In the media world we need new codes of conduct that commit newspaper editors to steer clear of personal slander and stereotyping language. Under such a code, corrosive attacks on the press as “enemies of the people” by President Trump and others, or Boris Johnson’s incendiary description of Muslim women as looking like “letterboxes,” would never be allowed or tolerated.

It’s also important to work with politicians on reforms to the policy-making process that make cross-party working easier, while helping to boost the numbers of representatives in parliament or Congress from less privileged backgrounds so that those entering politics have a better understanding of the lives of the people they govern.

Naturally, ideas like these will come up against those who argue that compassion is too weak or vague to guide the political or economic sphere and that only cold-hearted rationality makes for good decision-making. To those detractors I’d raise a number of responses.

First, being compassionate in a world that teaches you to be otherwise is courageous. To turn towards and not away from suffering, and make that the centerpiece of your decisions, takes guts and determination.

Second, to deny the role of emotion in politics is to deny that human beings are central to the way politics works. Emotions are who we are, and so we want people who enter politics (and in doing so become responsible for the lives of millions) to understand their emotions, the emotions of others, and how both influence their decision-making.
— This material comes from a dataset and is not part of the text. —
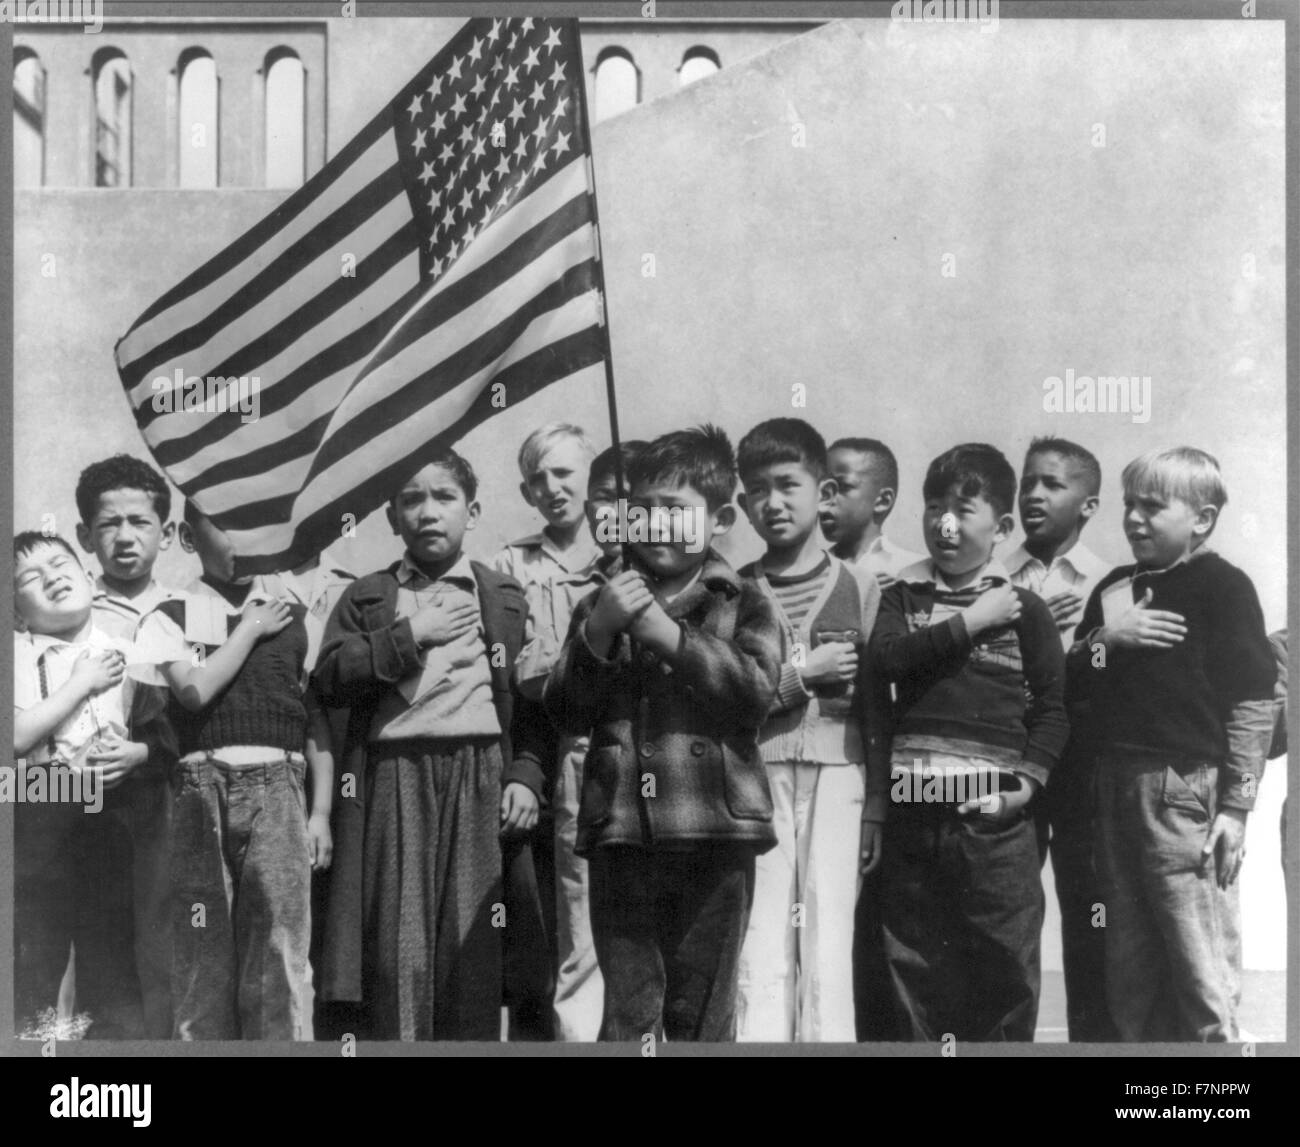 San Francisco, Calif., April 1942. Children at the Weill public school for the so-called international settlement and including many Japanese-Americans, saluting the flag. They include evacuees of Japanese descent who will be housed in War relocation authority centres for the duration Stock Photo

This kind of emotional intelligence should be an essential requirement for anyone who is thinking of a career in politics, business or journalism.

We can make this change happen. The seeds are already there – in people’s imaginations, in their desire for a better world, and in the examples they are already setting for one another when they care for family, friends, and colleagues. We’ve done it before. The National Health Service, for example, the ‘Kindertransport’ which helped to save the lives of 10,000 Jewish children during the Second World War by offering them sanctuary in Britain, and the legalisation of homosexuality and same-sex marriage – all these things and more were built on one central idea: compassion. Society can undoubtedly be fashioned in its image.